It’s an unwritten rule in the playbook of parenting that there’s no form of toddler-induced humiliation that a mother cannot conquer. On her Facebook page, Serious Mom Shit, one mother wrote about the trials and tribulations of wrangling her four young children in a public bathroom stall—and then having to explain to them why “mommy is bleeding.”
The saga begins with this mother really, really needing to pee. After finally finding a stall large enough to fit herself and four little ones, she began the arduous process of getting the kids to go potty. First came the twins, who peed simultaneously while “arguing about who is peeing the fastest and farthest and longest.”
Next went the woman’s daughter, who decided to use her turn on the toilet as a moment to reflect on her surroundings, rather than actually go to the bathroom. ‘Look at the door mommy, it is grey. Look at the wall mommy, it is white,’ the mom wrote her daughter’s astute observations. After realizing her littlest still had a dry diaper, it was FINALLY mom’s turn to pee.
Alas, the mom looked down and realized: the red tide had arrived. In the middle of a crowded bathroom, her twins began to scream, “MY MOMMY IS DYING” and “HELP MY MOMMY BECAUSE HER PEEPEE IS BLEEDING TO DEATH.”
Her youngest then crawled out of her reach and underneath the bathroom stall. People started laughing, because who wouldn’t laugh at two screaming children’s innocent reactions to their mother’s menstrual cycle?
But a woman that the mom nicknamed “Angel of Tampons” was there to save the day. Just as the mom was giving up hope on ever finding a tampon buried in her diaper bag, her little boy came crawling back into the stall—with a wrapped tampon in his mouth.
‘Did you get it or did he eat it?’ the “Angel of Tampons” asked from the other side of the stall.
Phew—she got it.
“THIS IS HOW WE SURVIVE PARENTHOOD,” the mom wrote. “We send tampon carriers in the form of toddlers to save each other in the bathroom and that is why us bitches have to stick together.”

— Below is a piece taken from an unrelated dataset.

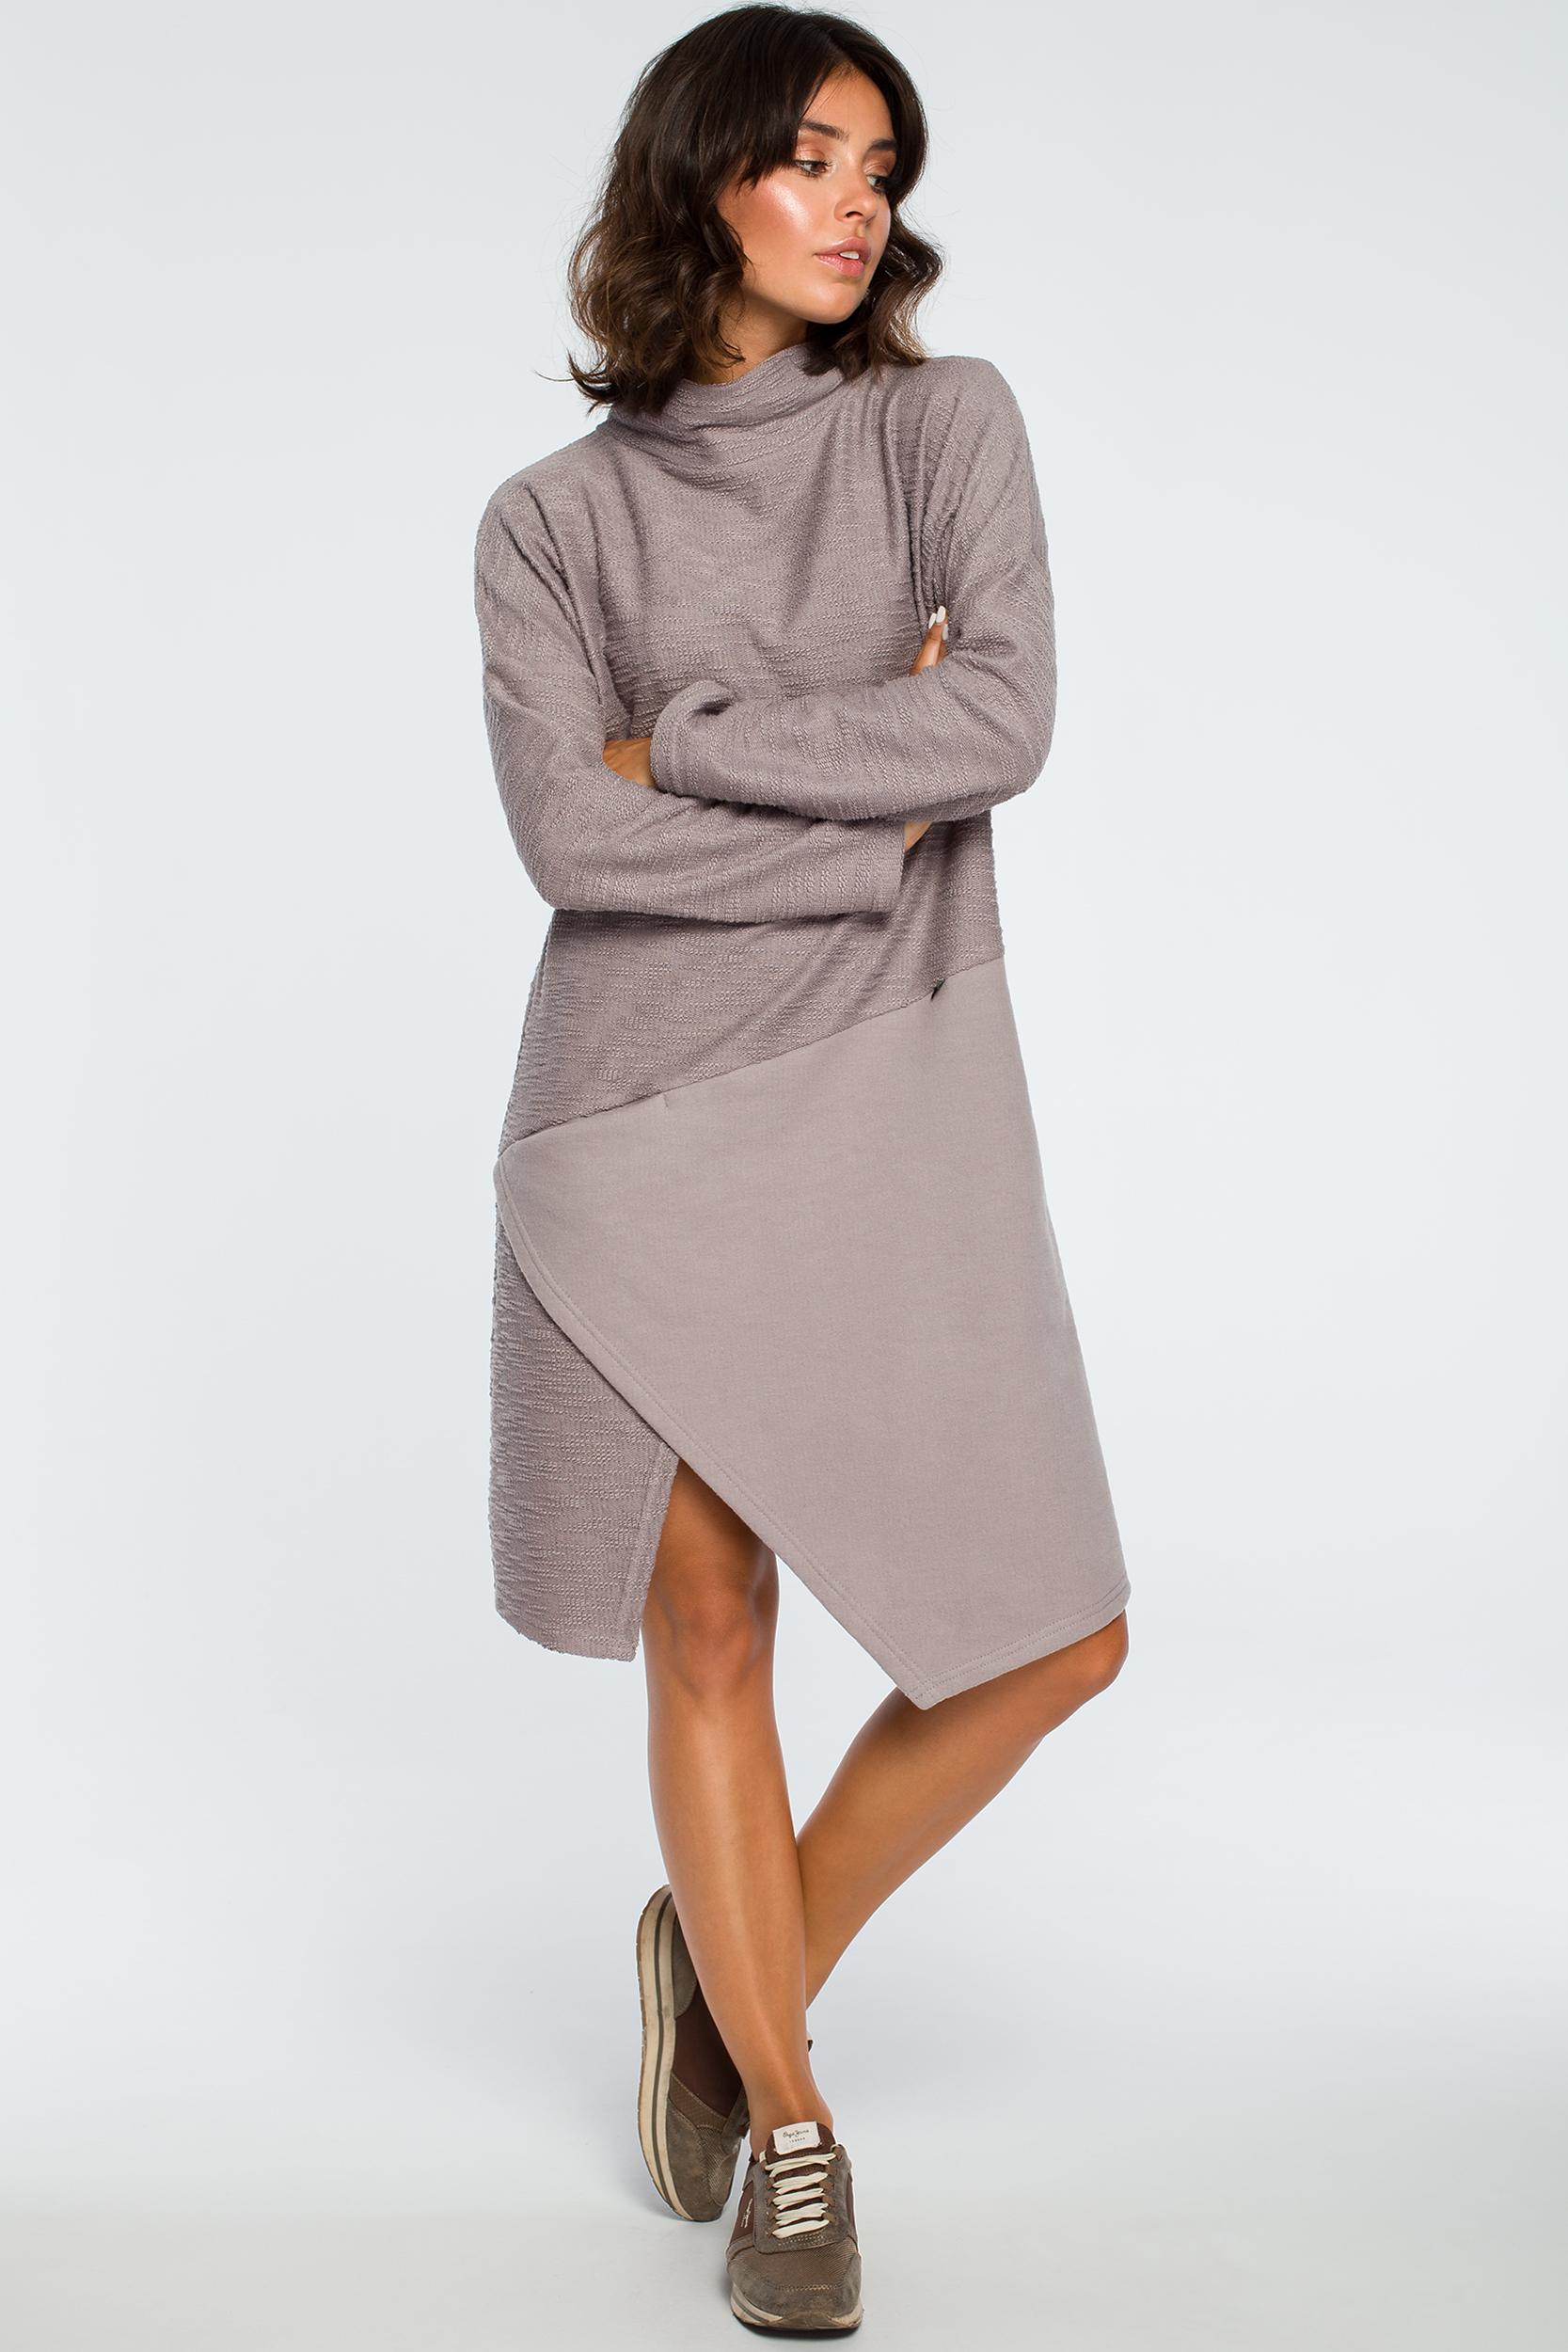 CM3995 Sukienka z asymetrycznym przeszyciem na przodzie - szara

After reassuring her children that she was fine, and this was, in fact, a very normal occurrence, the mom left the bathroom to thank her menstrual patron saint. But, like a mirage in a sun-washed desert, the woman had already vanished. On behalf of mothers everywhere who are sharing stalls with their children we all thank the “Angel of Tampons.” We’ve all benefited from one—or stepped into the role of one!